Collected data:
━━━━━━

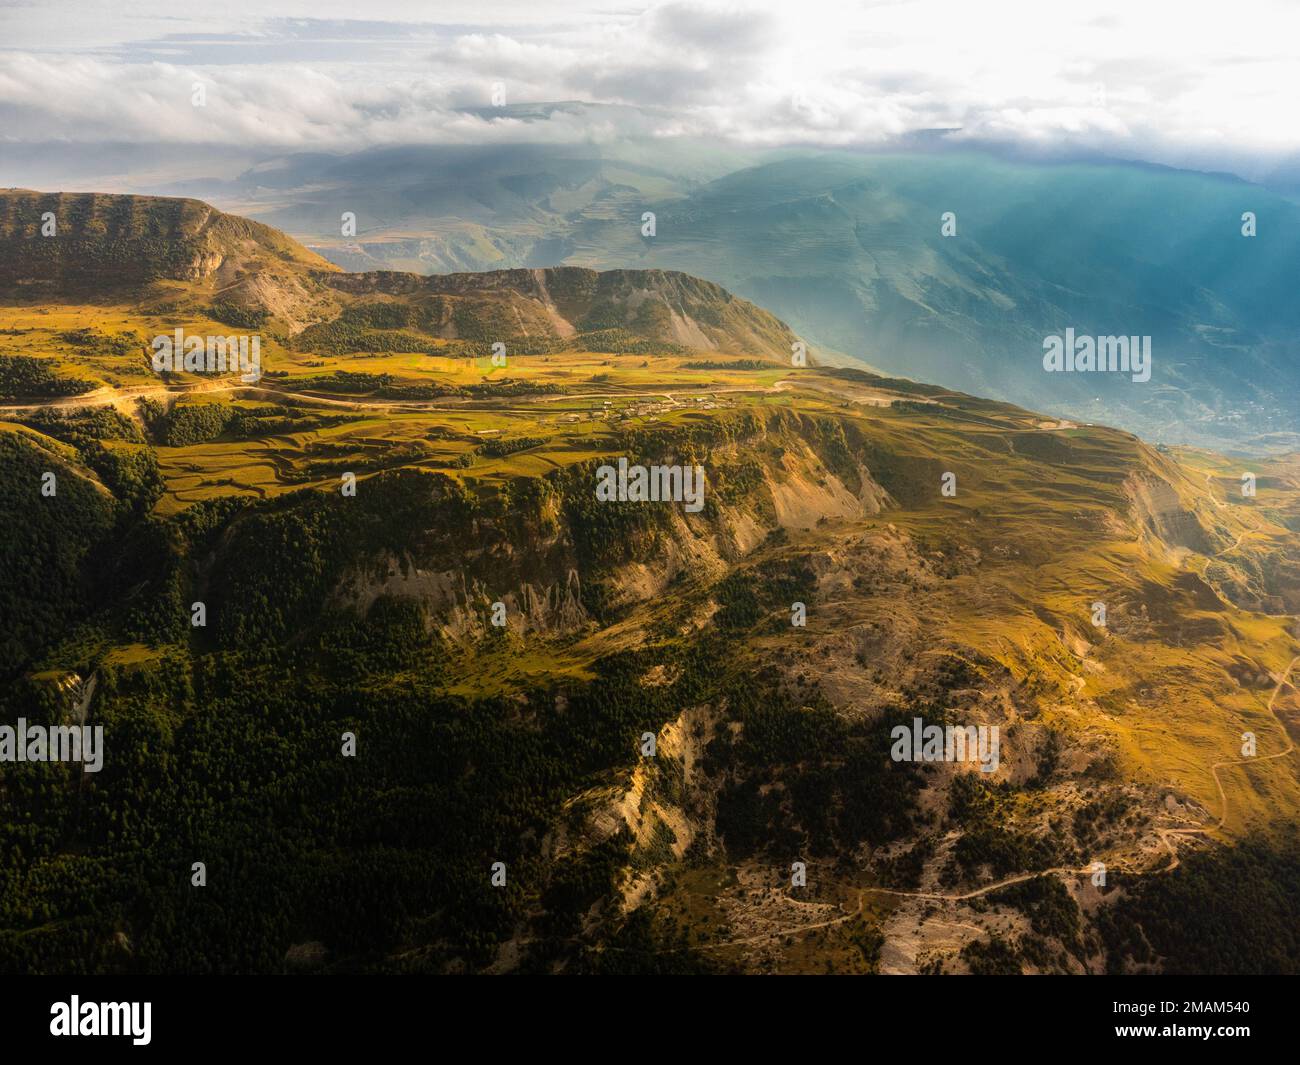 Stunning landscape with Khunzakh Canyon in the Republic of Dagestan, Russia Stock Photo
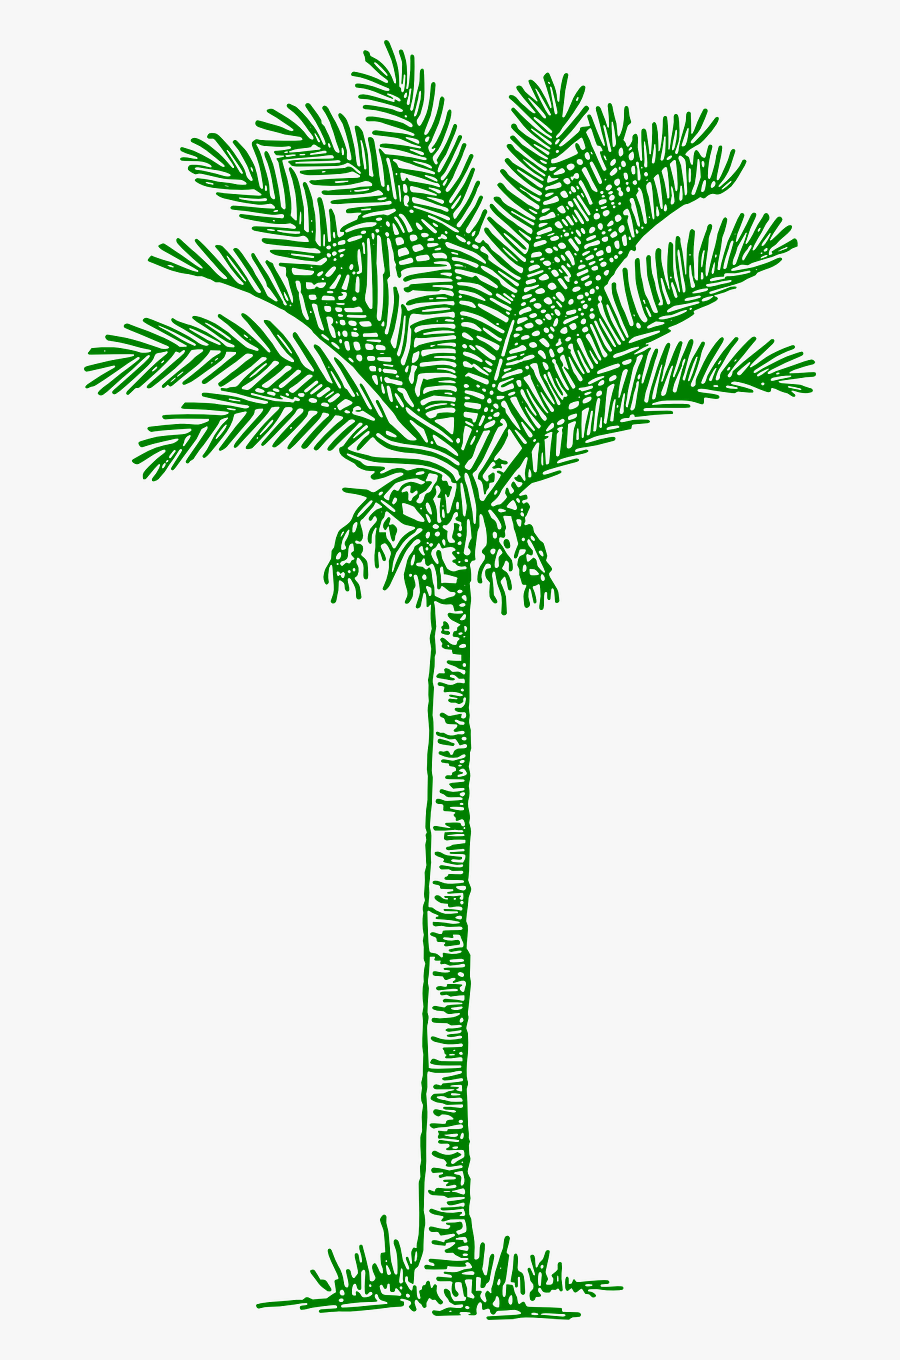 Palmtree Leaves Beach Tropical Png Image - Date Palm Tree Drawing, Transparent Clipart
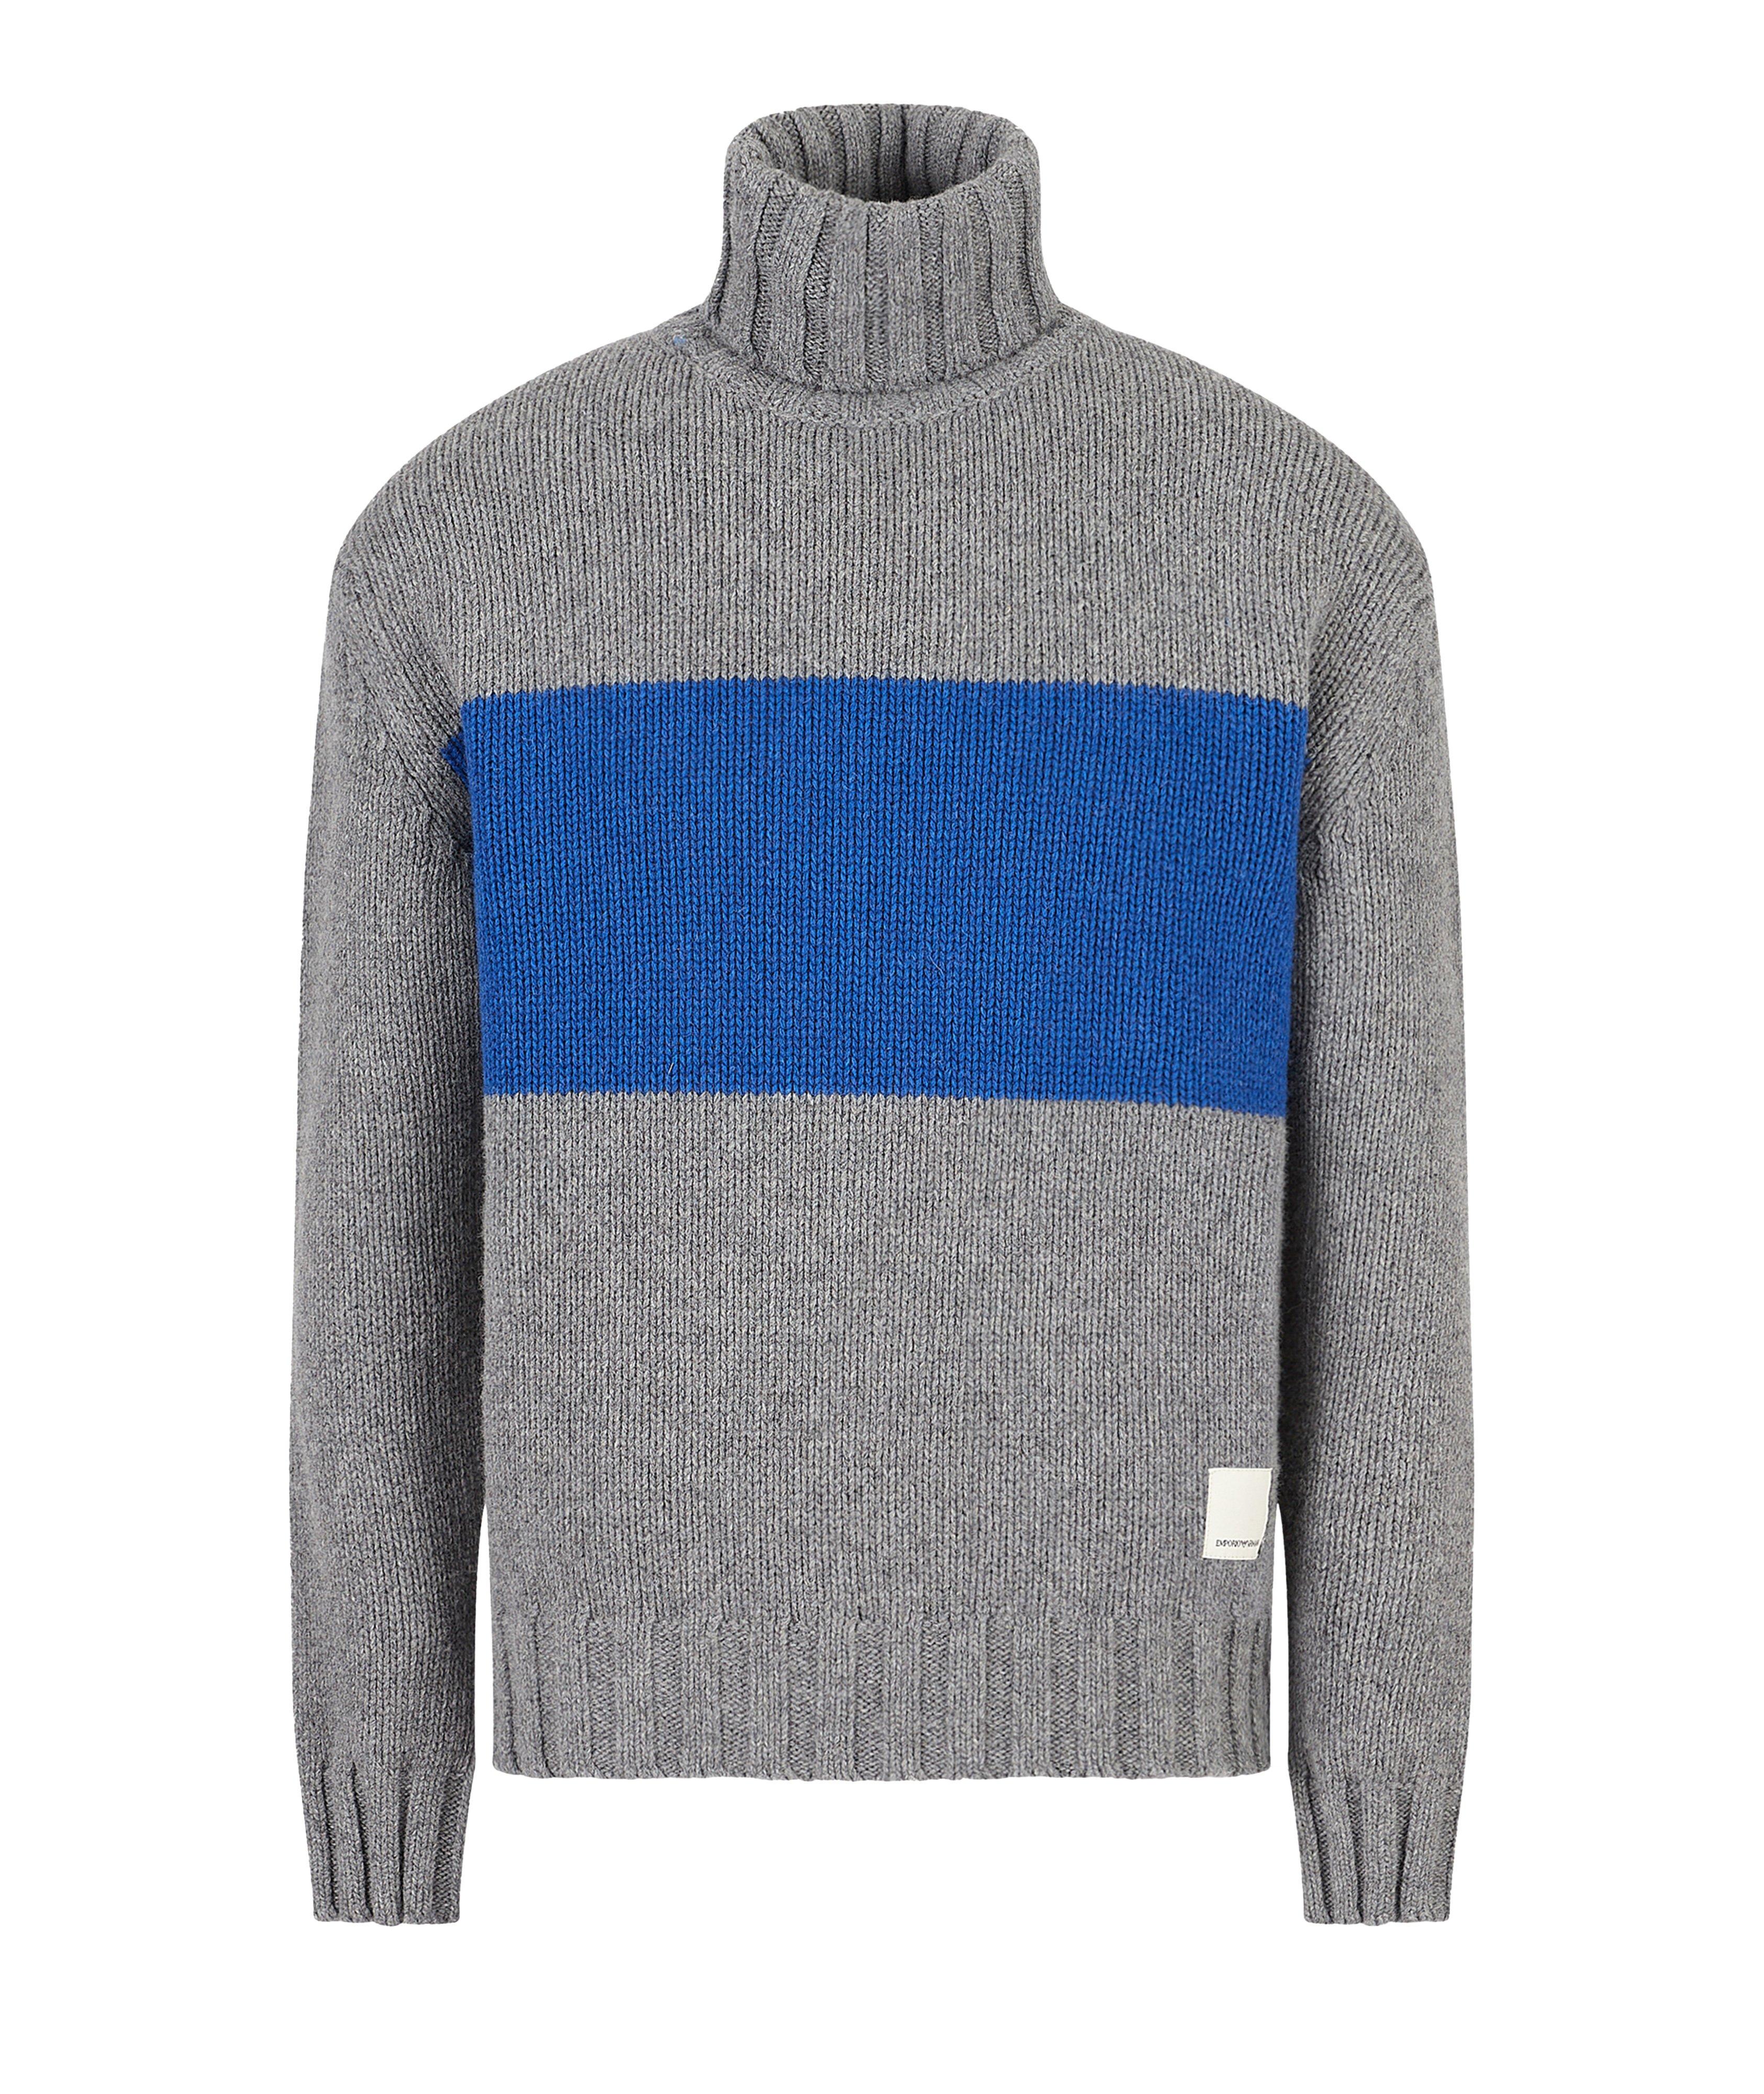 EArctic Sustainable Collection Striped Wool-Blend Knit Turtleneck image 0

━━━━━━

The problem:
Leave the pictures out and transcribe the remaining material exactly.

Answer below:
 Stunning landscape with Khunzakh Canyon in the Republic of Dagestan, Russia Stock Photo
 Palmtree Leaves Beach Tropical Png Image - Date Palm Tree Drawing, Transparent Clipart
 EArctic Sustainable Collection Striped Wool-Blend Knit Turtleneck image 0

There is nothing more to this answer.